We are exposed to product liability claims and an uninsured claim could have a material adverse effect on our business, prospects, financial condition, and results of operations, as well as the value of our stock.
 
Many of our projects are critical to the operations of our clients’ businesses. Any failure in a client’s information system could result in a claim for substantial damages against us, regardless of our responsibility for such failure. We could, therefore, be subject to claims in connection with the products and services that we sell. We currently maintain product liability insurance. There can be no assurance that:
 
 
·
We have contractually limited our liability for such claims adequately or at all; or
     
 
·
We would have sufficient resources to satisfy any liability resulting from any such claim.
 
The successful assertion of one or more large claims against us could have a material adverse effect on our business, prospects, financial condition, and results of operations.
 
We utilize data centers maintained by third parties, which could affect our ability to support our customers or financial performance.
 
Many of the network services and computer servers utilized by us in our provision of services to customers are housed in data centers owned by third-party vendors. In the future, we may house additional servers and hardware items in facilities owned or operated by other vendors.
 
A disruption in the ability of one of these data centers to provide service to us could cause a disruption in service to our customers. A data center could be disrupted in its operations through a number of contingencies, including unauthorized access, computer viruses, accidental or intentional actions, electrical disruptions, and other extreme conditions. Although we believe we have taken adequate steps to protect our operations through our contractual arrangements with our data centers, we cannot eliminate the risk of a disruption in service resulting from the accidental or intentional disruption in service by a date center. Any significant disruption could cause significant harm to us, including a significant loss of customers. In addition, a data center could raise its prices or otherwise change its terms and conditions in a way that adversely affects our ability to support our customers or financial performance.
 
We will not pay cash dividends and investors may have to sell their shares in order to realize their investment.
 
We have not paid any cash dividends on our common stock and do not intend to pay cash dividends in the foreseeable future. We intend to retain future earnings, if any, for reinvestment in the development and marketing of our products and services.
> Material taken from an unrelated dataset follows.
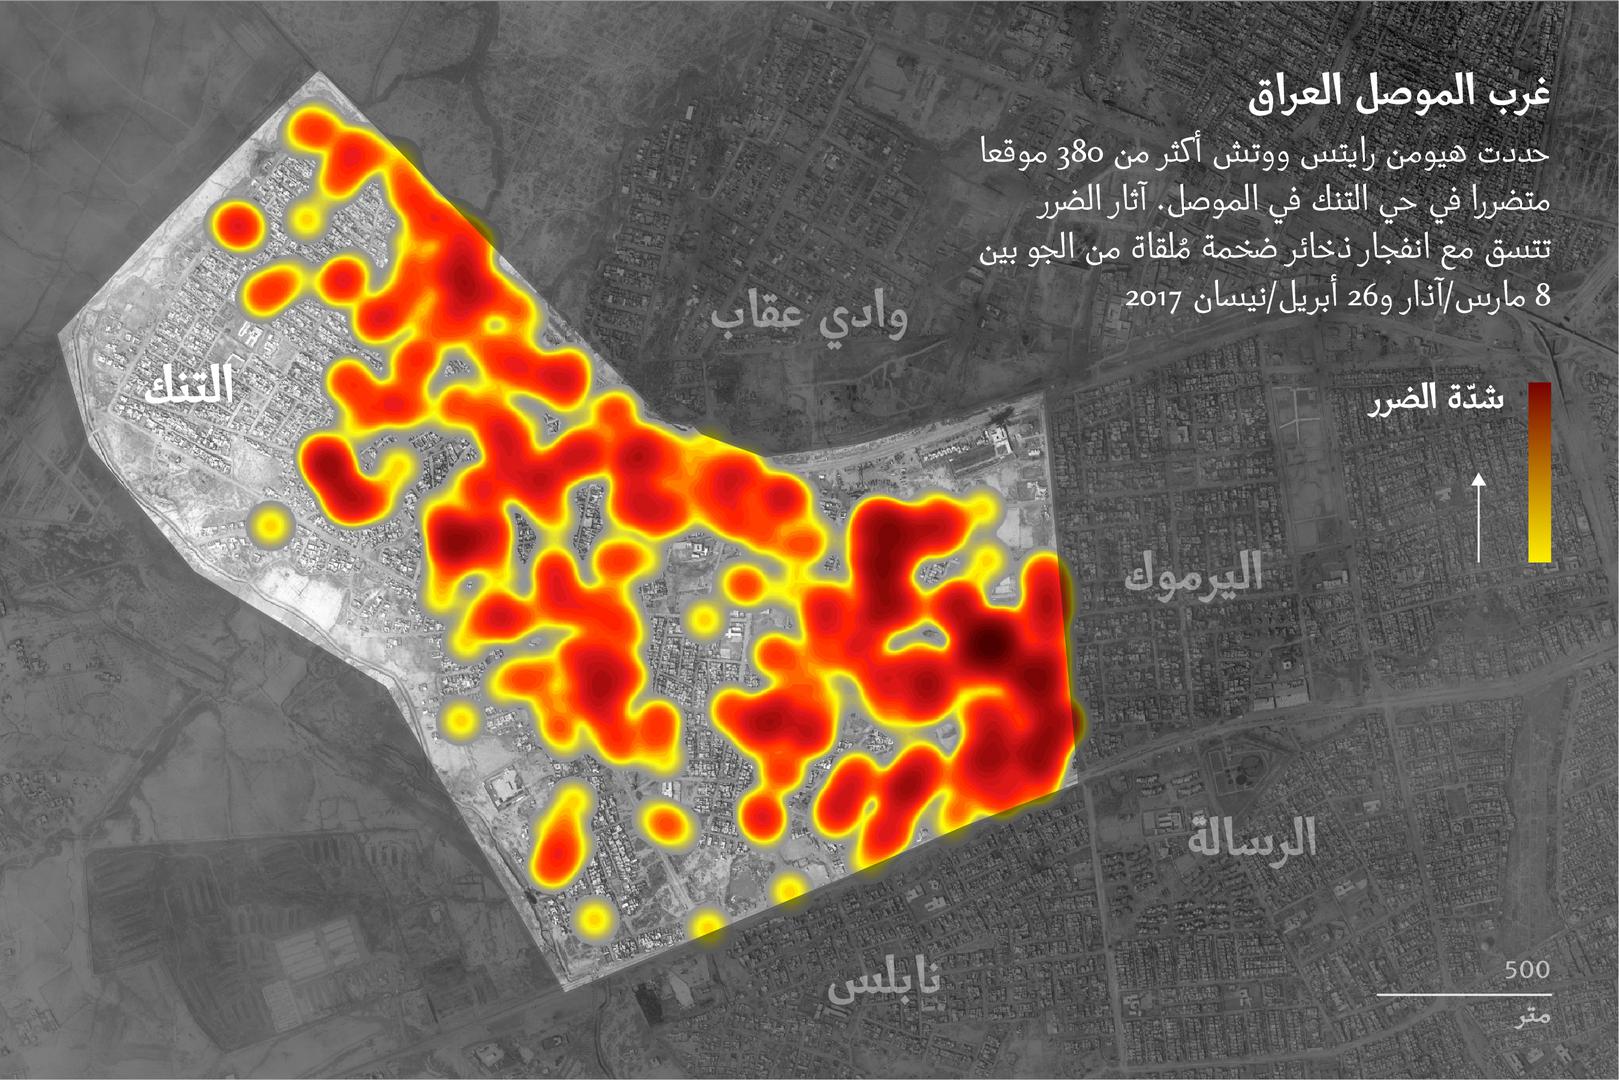 حددت هيومن رايتس ووتش أكثر من 380 موقعا متضررا في حي التنك في الموصل. آثار الضرر تتسق مع انفجار ذخائر ضخمة مُلقاة من الجو بين 8 مارس/آذار و26 أبريل/نيسان 2017

As a result, investors may have to sell their shares of common stock to realize their investment.
 
Some provisions of our certificate of incorporation and bylaws may deter takeover attempts, which may limit the opportunity of our stockholders to sell their shares at a premium to the then-current market price.
 
Some of the provisions of our Certificate of Incorporation and bylaws could make it more difficult for a third party to acquire us, even if doing so might be beneficial to our stockholders by providing them with the opportunity to sell their shares at a premium to the then-current market price. On December 10, 1999, our Board of Directors adopted a stockholders rights plan and declared a non-taxable dividend of one right to acquire our Series A Preferred Stock, par value $0.01 per share, on each outstanding share of our common stock to stockholders of record on December 10, 1999 and each share of common stock issued thereafter until a pre-defined hostile takeover date. The stockholder rights plan was adopted as an anti-takeover measure, commonly referred to as a “poison pill”. The stockholder rights plan was designed to enable all stockholders not engaged in a hostile takeover attempt to receive fair and equal treatment in any proposed takeover of us and to guard against partial or two-tiered tender offers, open market accumulations, and other hostile tactics to gain control of us. The stockholders rights plan was not adopted in response to any effort to acquire control of us at the time of adoption. This stockholders rights plan may have the effect of rendering more difficult, delaying, discouraging, preventing, or rendering more costly an acquisition of us or a change in control of us. Certain of our principal stockholders, Charles W. Fritz, William E. Fritz and The Fritz Family Limited Partnership and their holdings were exempted from the triggering provisions of our “poison pill” plan, as a result of the fact that, as of the plan’s adoption, their holdings might have otherwise triggered the “poison pill”.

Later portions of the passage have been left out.